Так что к тому времени, как тоненький ручеек художников-декораторов и покупателей универсальных магазинов из Америки превратился в огромный вал, периодически захлестывавший вершины Монмартра, мадам была к этому полностью готова. И прежде чем конкуренты, обитающие возле Пляс дю Тертр в тени Сакре-Кер осознали, что происходит, она уже отхватила себе самый жирный кусок пирога. Там, где другим изредка удавалось продать картину-другую случайным туристам, она заключала со своими клиентами сделки на продажу оптом десятков и даже сотен картин.

Итак, рынок продавца для тех, кто творил котят и клоунов, был создан.

Теперь надо было позаботиться о том, чтобы не стать жертвой какого-нибудь экономического закона, по которому ей пришлось бы платить за товар слишком дорого.

И здесь ее талант торговать искусством проявился в полном блеске.

Художники, с которыми по большей части она имела дело, представляли из себя оборванную бесцветную толпу поденщиков, чьей единственной насущной потребностью, как с удовлетворением отмечала мадам, было слышать, как каждый день у них в кармане звякает несколько монет. Не слишком много, чтобы не избаловались, а как раз столько, чтобы хватало на жилье, еду, выпивку и краски.

Так что, если конкуренты мадам, не имея достаточно денег, могли предложить художнику лишь сладкие мечты о славе — они назначали за картину сто франков и отдавали пятьдесят, если ее удавалось продать, то мадам сразу предлагала двадцать-тридцать франков.
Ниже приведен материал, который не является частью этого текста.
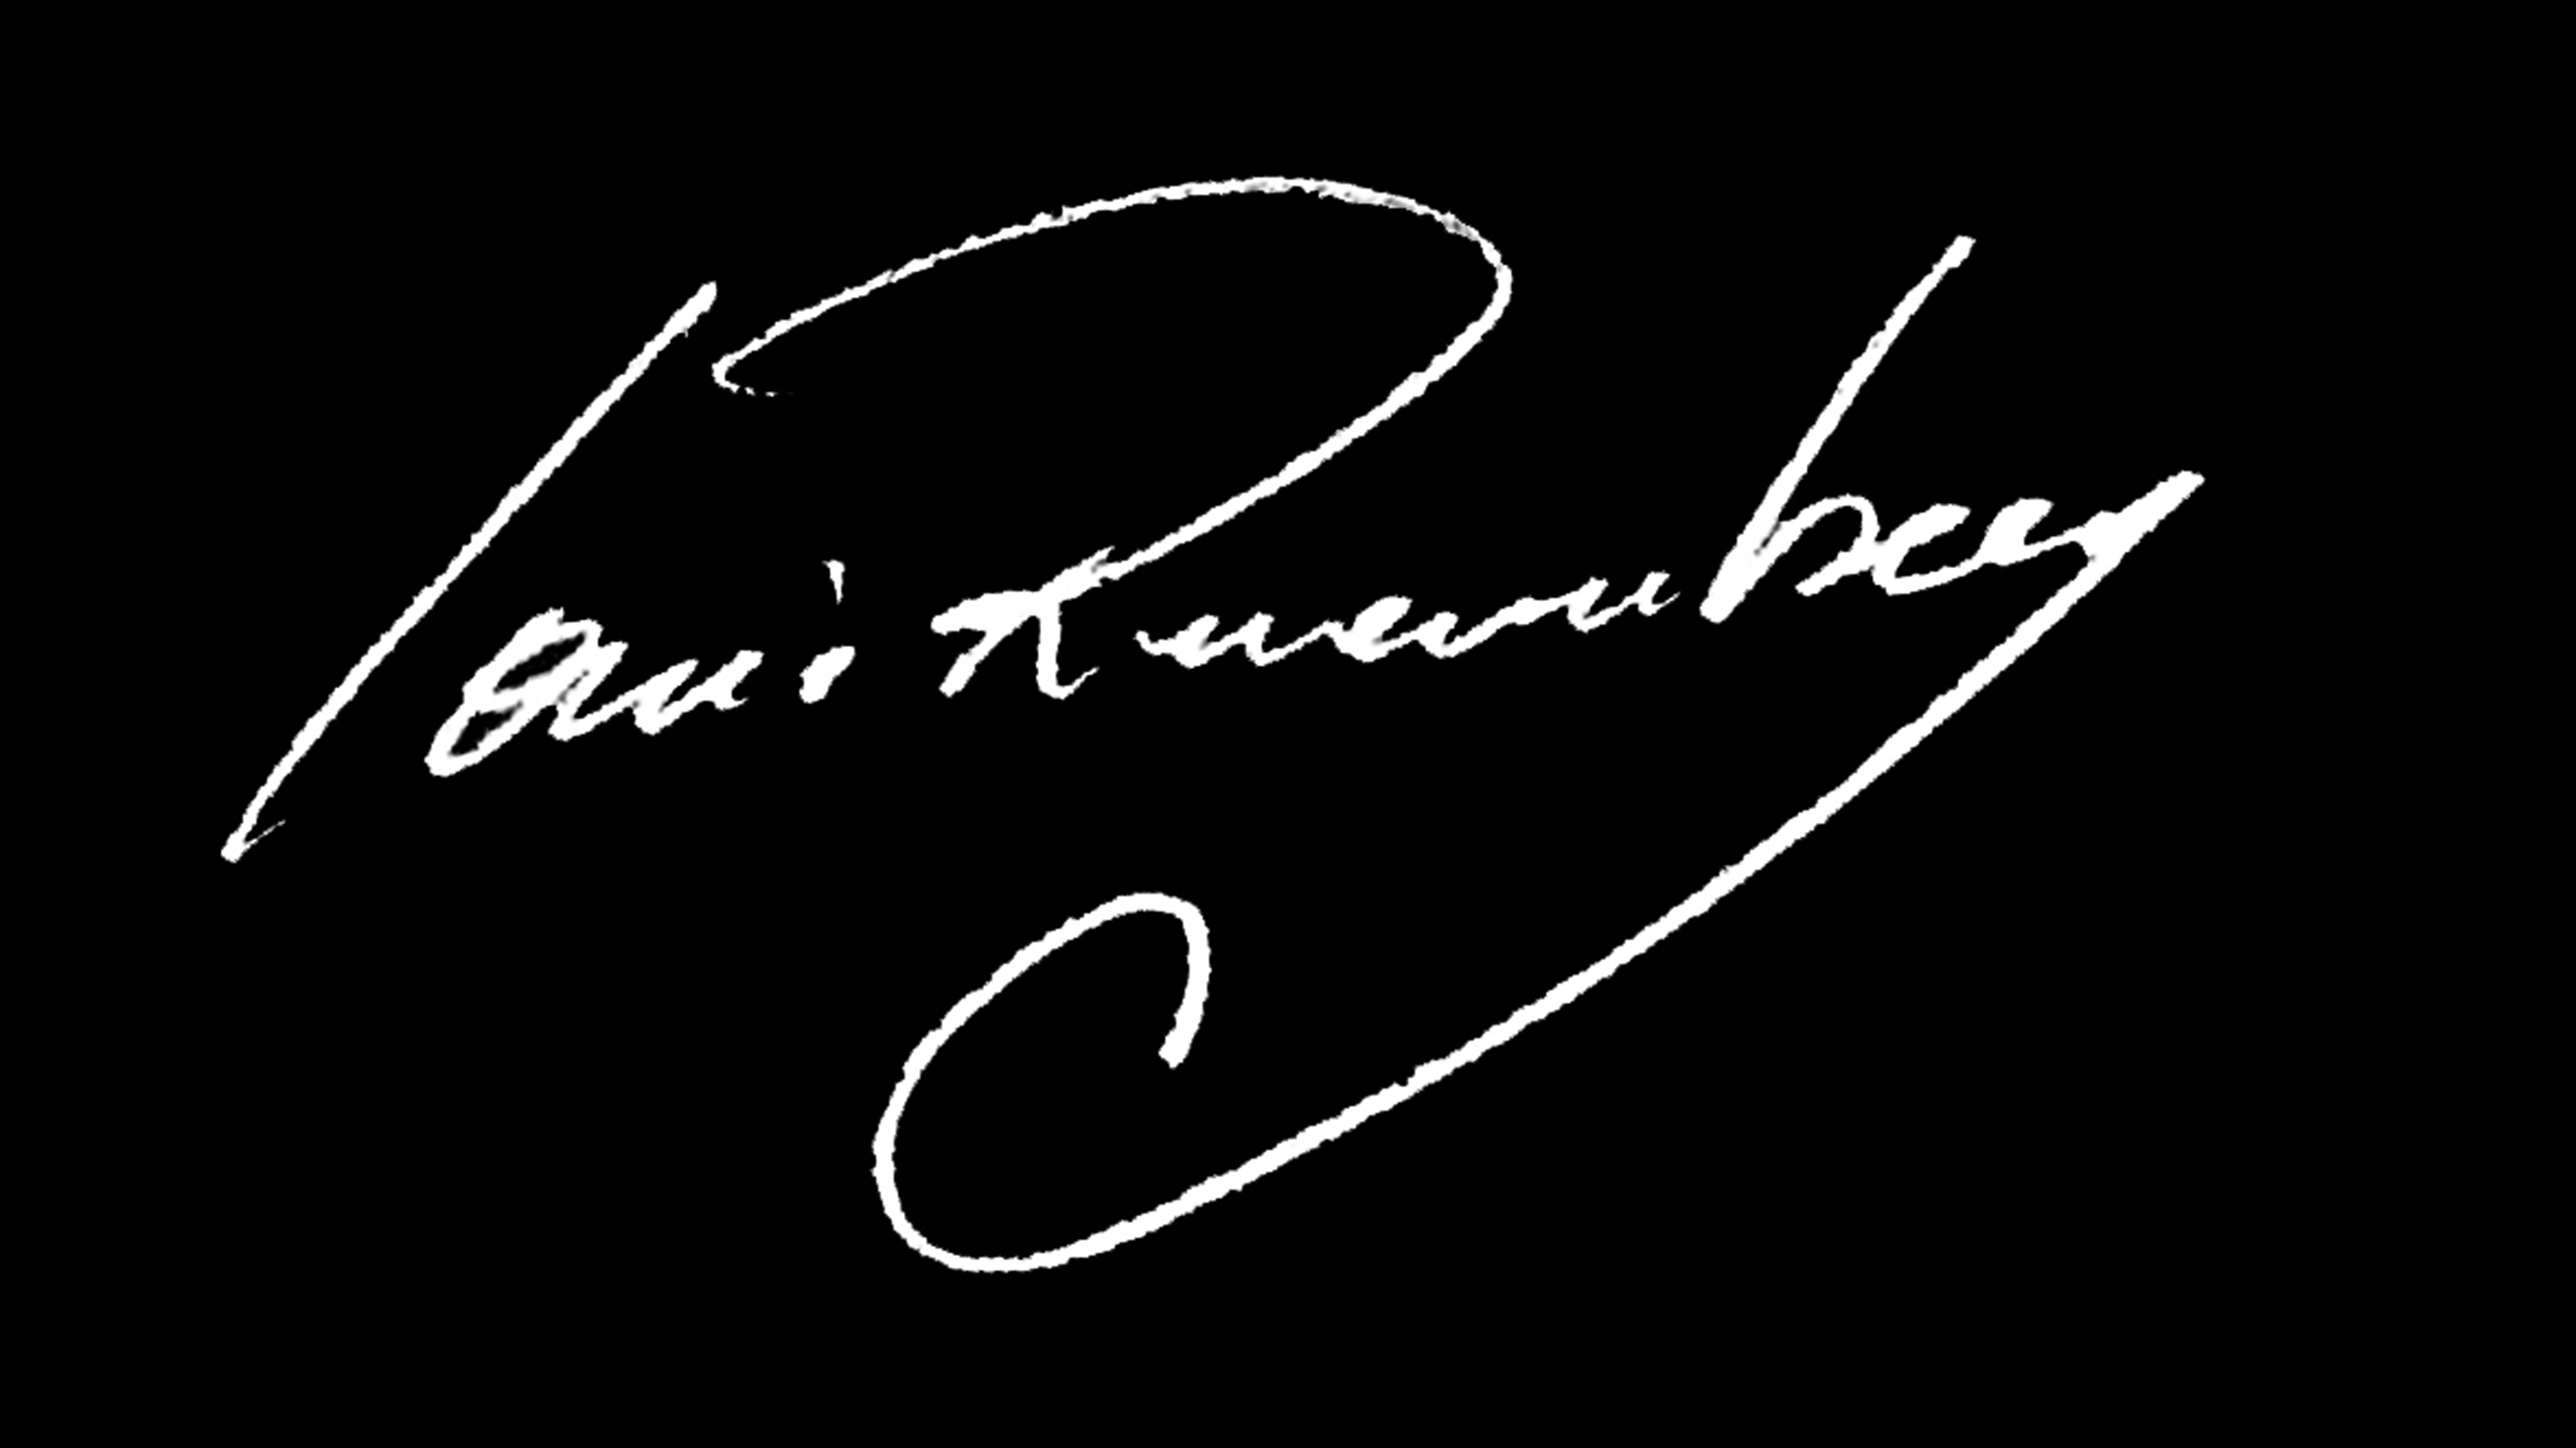 LOUIS runemberg's Signature

А бывало, что и десять. Но это были настоящие деньги, она выдавала их тут же, на месте, тем самым за гроши приобретая право первой пользоваться услугами художников, поставлявших ей товар.
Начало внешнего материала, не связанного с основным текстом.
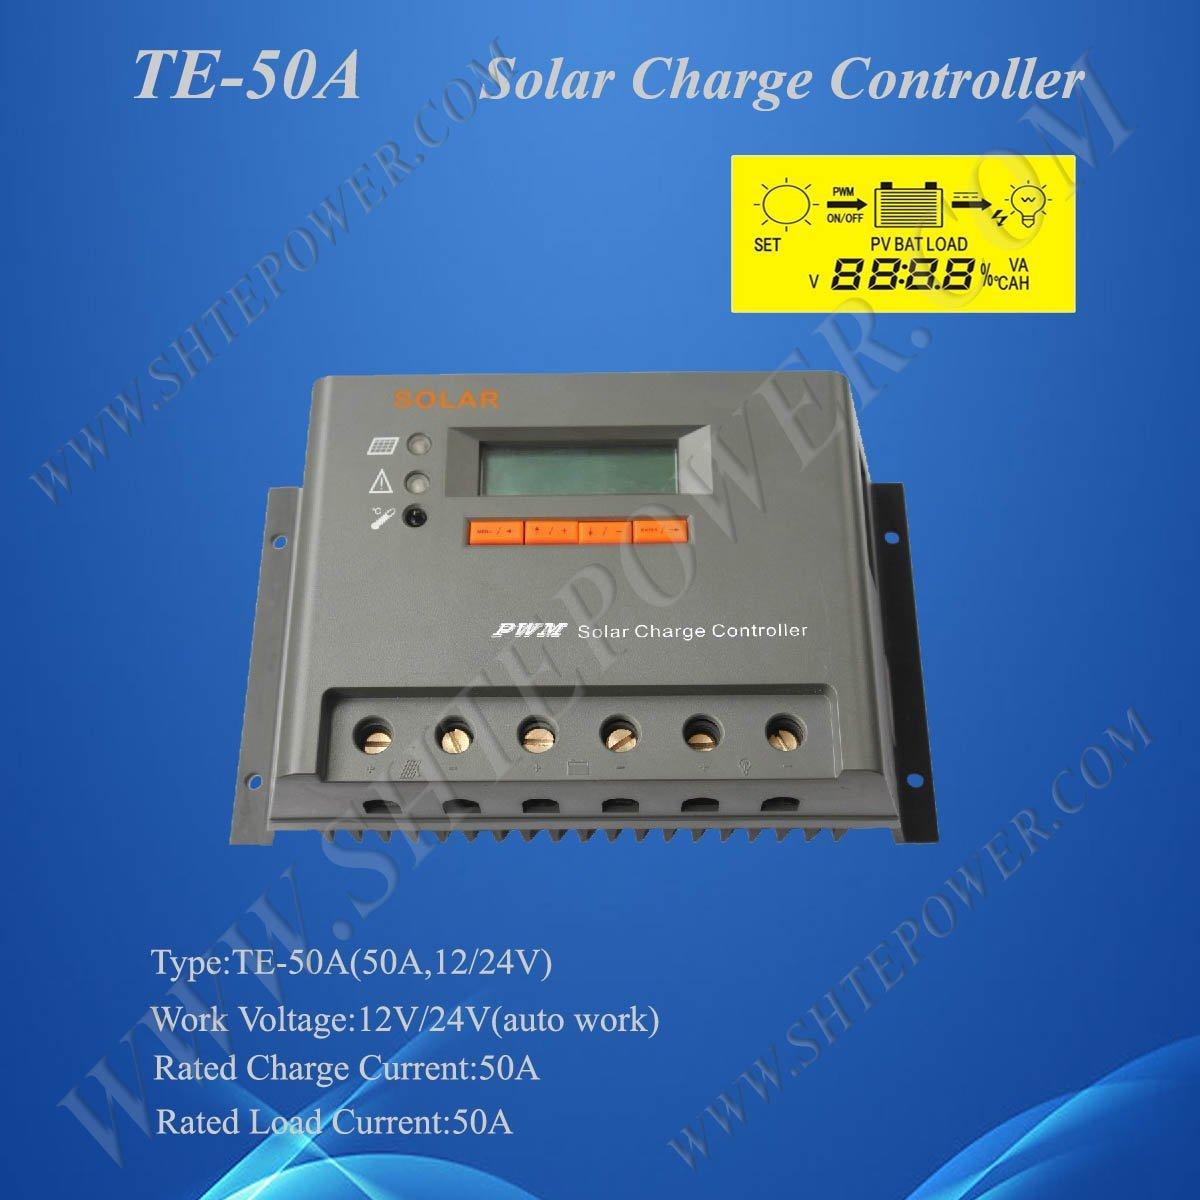 50A Солнечный свет контроллер, солнечный Батарея контроллер/регулятор 12 В/24 В авто работа

Опасность же заключалась в том, что мадам нуждалась в услугах художников не меньше, чем художники в услугах мадам, а значит, это позволило бы им успешно препираться с ней по поводу цены за картины. И, чтобы в корне пресечь подобные выходки со стороны руководимой ею команды, она изобрела такой способ общения с ними, перед которым сам Торквемада склонил бы голову в восхищении.
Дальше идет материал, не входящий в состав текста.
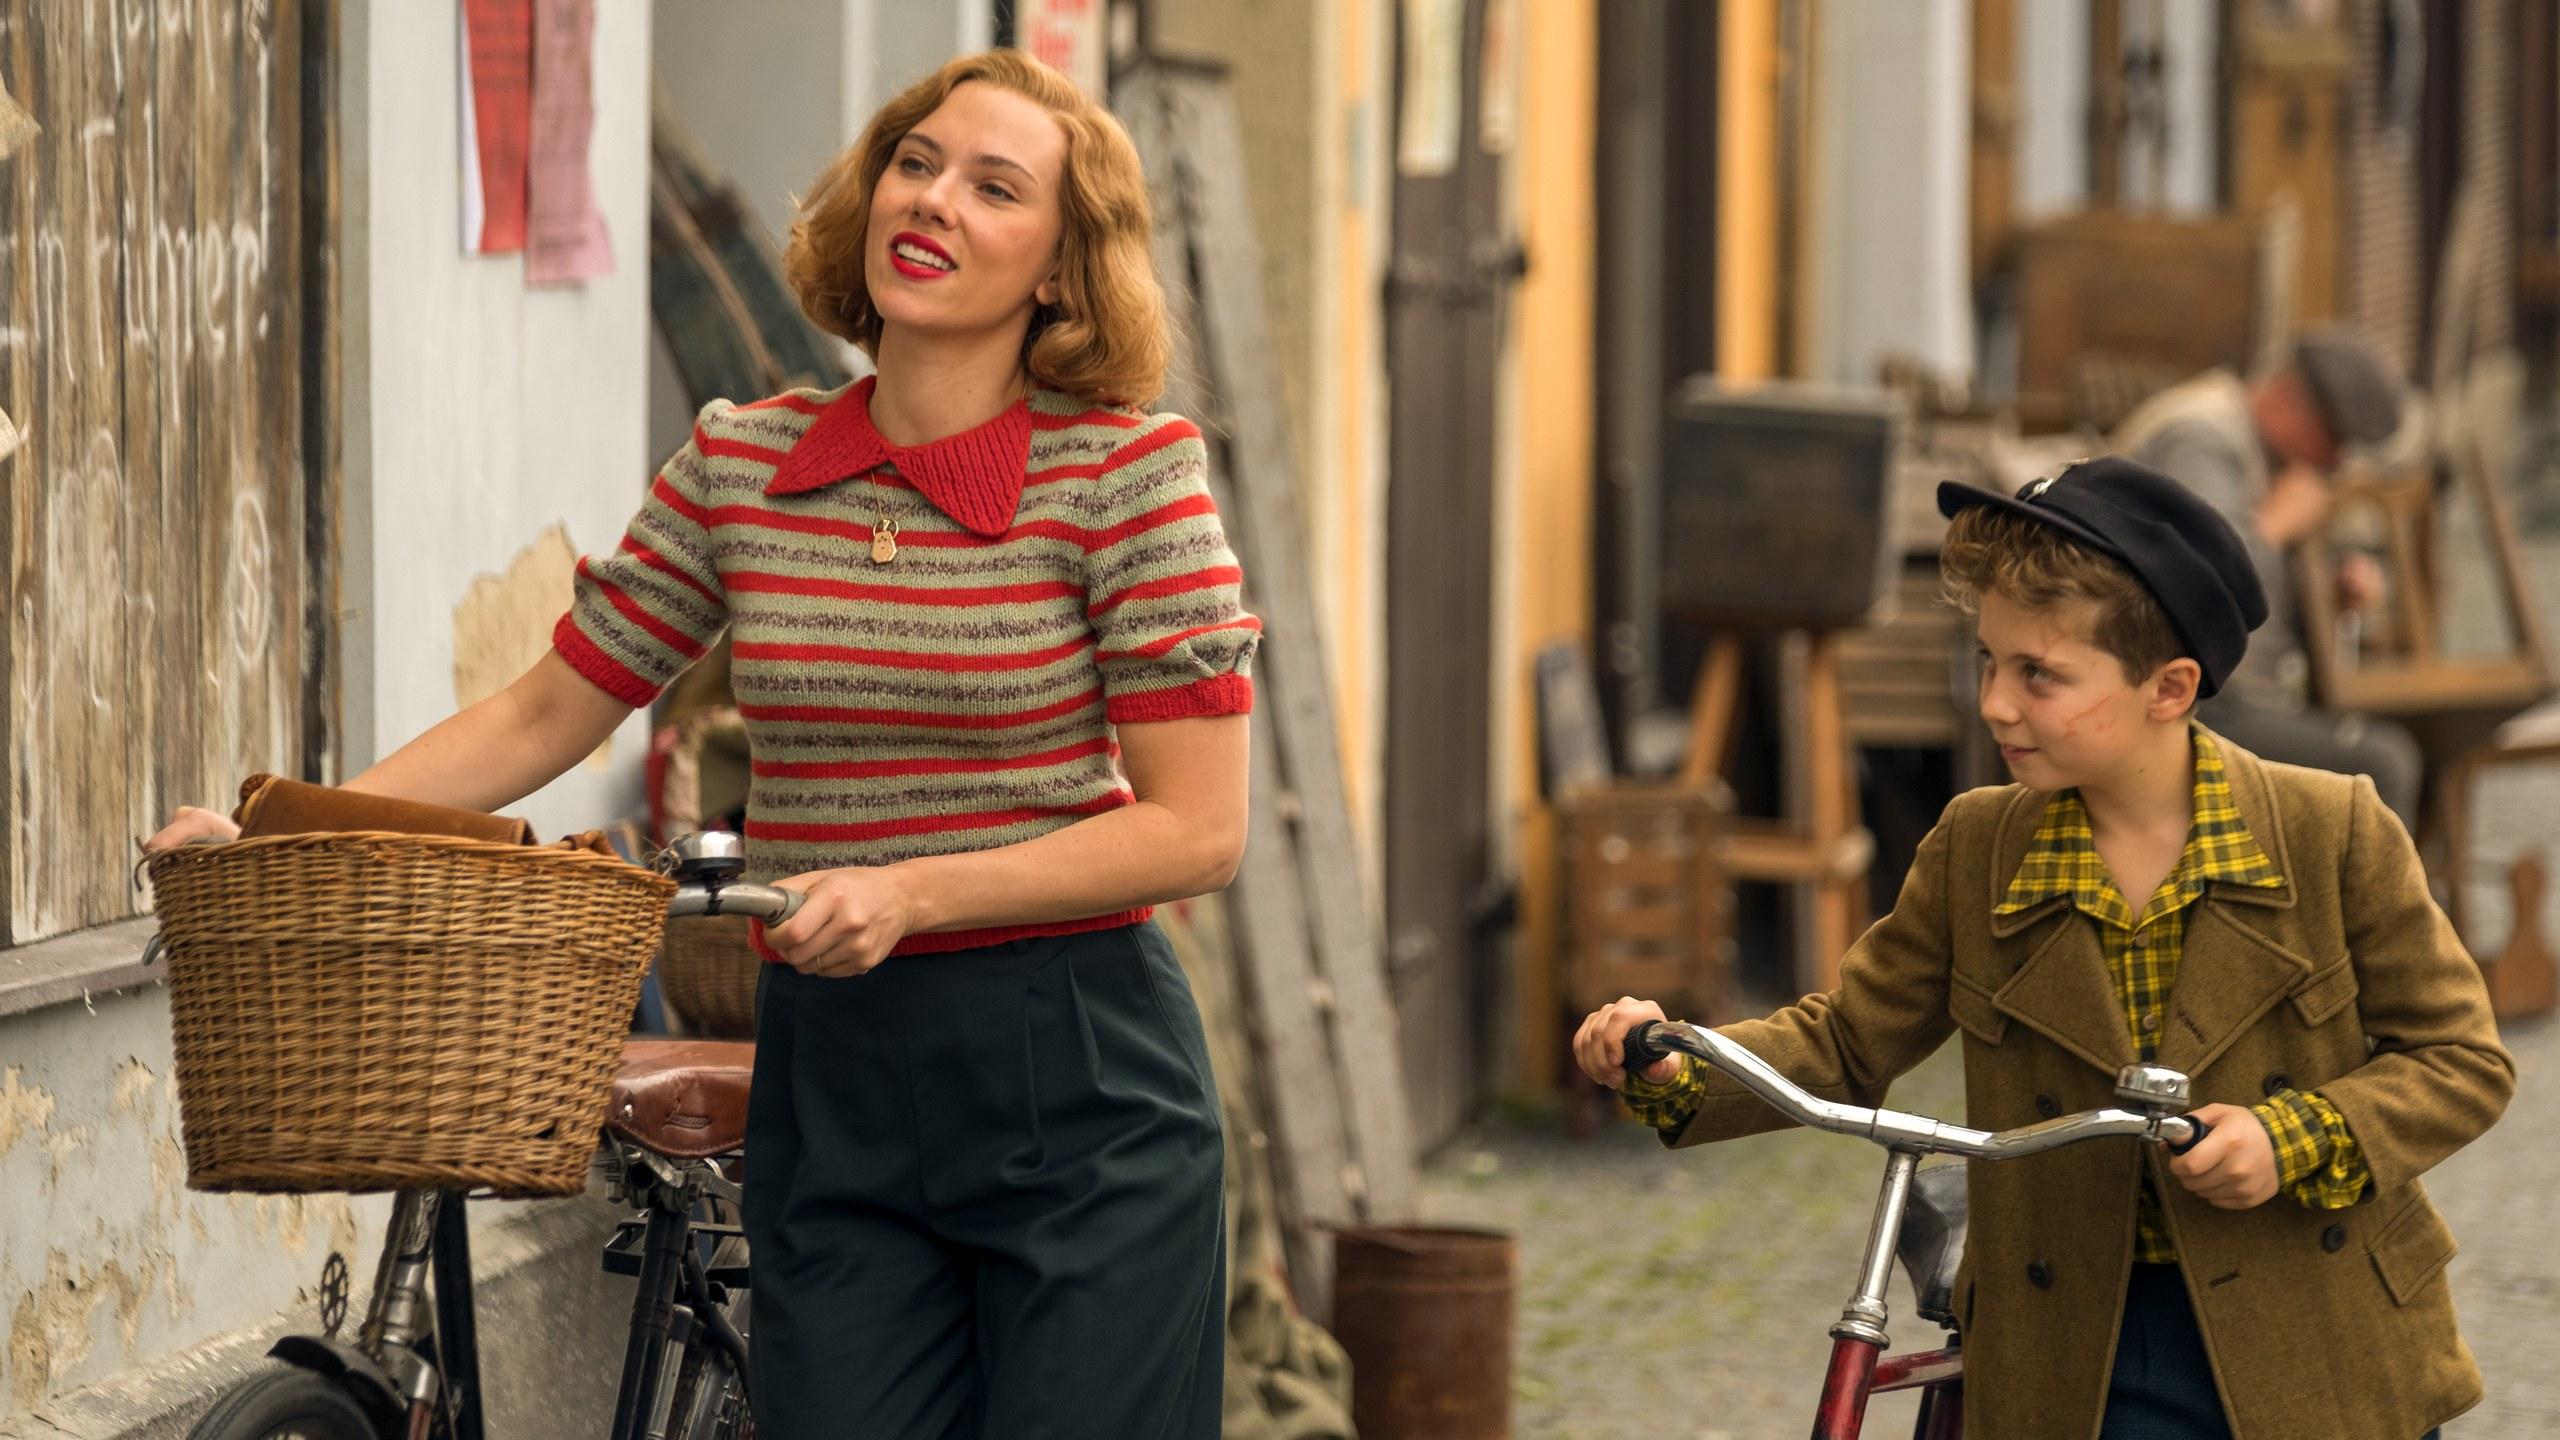 JoJo y Rosie (Scarlett Johansson) en JoJo Rabbit

Художника приглашали явиться в контору и принести с собой работы.

Контора располагалась сразу за выставочным залом и представляла собой сырое и холодное помещение, нечто вроде сарая, где едва хватало места для старомодного бюро, перед которым стоял вращающийся стул, и мольберта для шедевров, выставляемых на обозрение перед беспощадным взором мадам. Сама повелительница искусств восседала на своем стуле, как на троне, в шляпе, прочно водруженной на голову, очевидно, с целью заявить о своей женственности. Шляпа эта имела явное сходство с огромным цветочным горшком черного цвета, перевернутым вверх дном, и из-под тульи ее торчал пучок пропитанных пылью цветов. Сощурив глаза и поджав губы, она пристально изучала картину, исследуя каждую ее деталь. Затем на клочке бумаги она быстро царапала пару цифр. При этом другой рукой она тщательно прикрывала написанное.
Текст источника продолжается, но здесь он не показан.